European bog oak (morta) is usually at least 5000 year old oak wood, yes that's correct! 5 thousand! Carbon dating of English and Irish bog oak dates it to 3,300BC. I'm just starting to make tampers from it, watch this space. Kinda kicks a birth year Dunhill of the pitch!


----------



## ghe-cl (Apr 9, 2005)

Extraordinary morta pipe by Becker here: Morta-fied


----------



## DamirC (May 4, 2010)

My friend Davorin makes morta pipes few years now and I have one of his black morta pipes. He has also copper and gold morta wood and color depends  on the age of wood.

Check the new Davorin's site with cca 50 new morta pipes. Note black morta chalabash with copper morta head!

Enjoy: davorinmortapipes.wordpress.com


----------



## Jack Straw (Nov 20, 2008)

More than you ever wanted to know about bog oak: Estervals Pipe House


----------



## PinkFloydFan (Oct 1, 2009)

Good Afternoon Fellas,

I know some of you are itching for one of these... Now may be your shot !

I found this on Fleabay.. Looks pretty nice too.

BOG OAK PIPE 

-Vin


----------



## Commander Quan (May 6, 2003)

DubintheDam said:


> European bog oak (morta) is usually at least 5000 year old oak wood, yes that's correct! 5 thousand! Carbon dating of English and Irish bog oak dates it to 3,300BC. I'm just starting to make tampers from it, watch this space. Kinda kicks a birth year Dunhill of the pitch!


MarkC could have a pipe carved from a tree that was planted the same year he was born. :lol:


----------



## Hermit (Aug 5, 2008)

DamirC said:


> My friend Davorin makes morta pipes few years now and I have one of his black morta pipes. He has also copper and gold morta wood and color depends on the age of wood.
> 
> Check the new Davorin's site with cca 50 new morta pipes. Note black morta chalabash with copper morta head!
> 
> Enjoy: davorinmortapipes.wordpress.com


*I have one of Davorin's pipes. I love it!*








*Davorin Morta Pipes*


----------



## Savvy (Jun 23, 2007)

Awesome pipe Hermit. Davorin definitely ended up with an email in his inbox because of your picture and praise for the pipe.

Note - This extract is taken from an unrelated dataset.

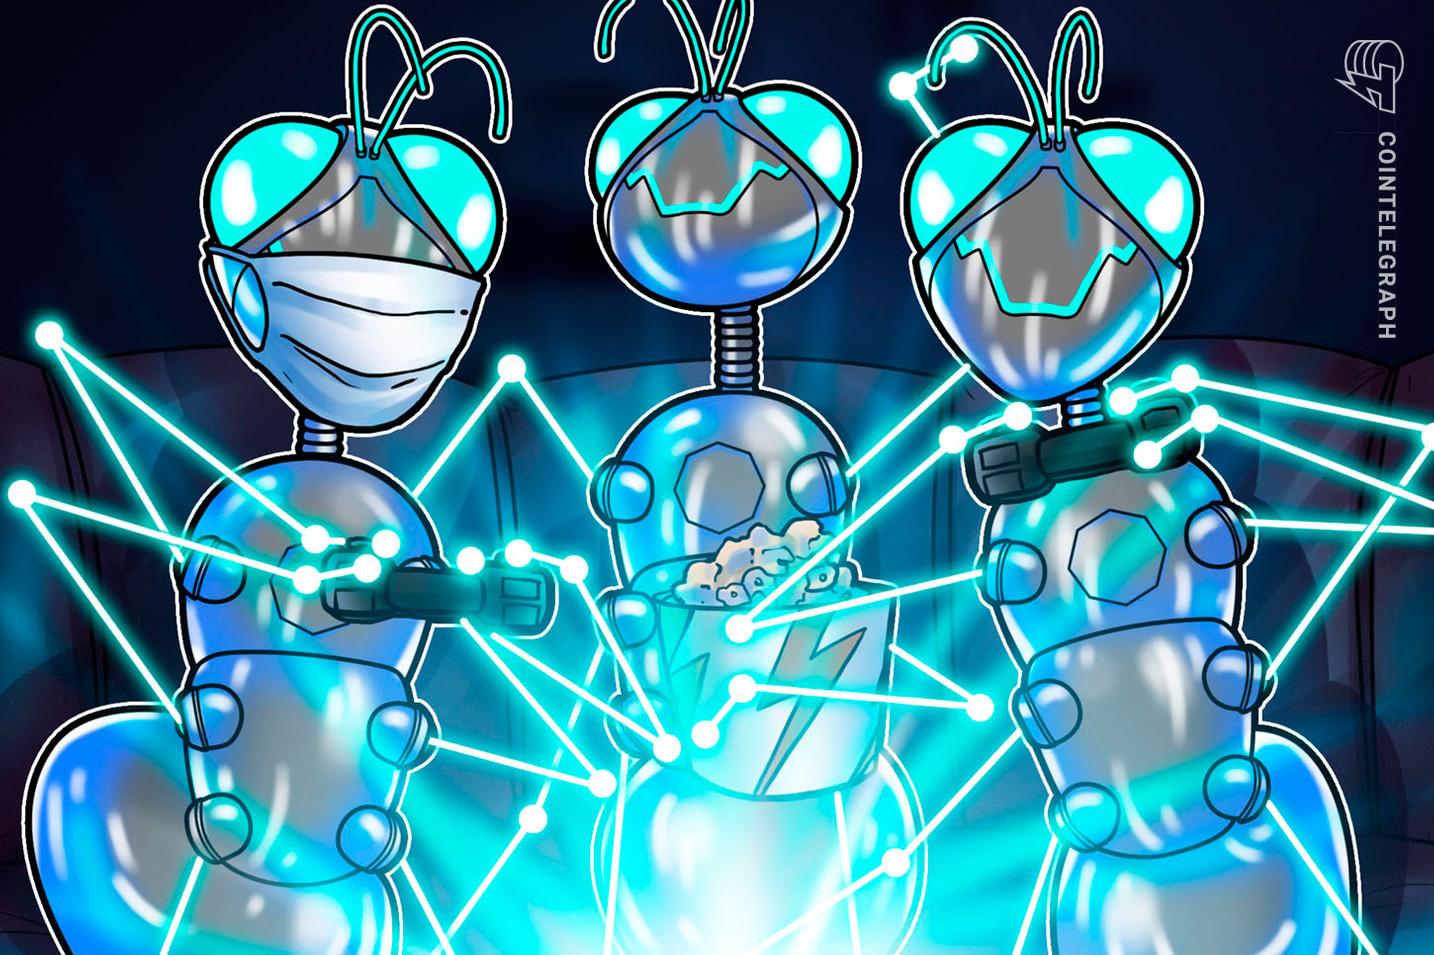 Avaliação de jogo: Axie Infinity é um novo paradigma de jogos com blockchain e tokens

Maybe I'll add a morta pipe to my collection next...


----------



## Hermit (Aug 5, 2008)

Savvy said:


> Davorin definitely ended up with an email in his inbox because of your picture and praise for the pipe.


I hope so; he's a great guy.
(he also included a free tamper with the pipe.)


----------



## cp478 (Oct 23, 2008)

Thanks to our resident Madhatter I will soon find out the advantages of bog oak.
Growing up I always found myself interested in things such as bog oak and the idea of this wood being between 5000 and 10000 years old just amazes me.


----------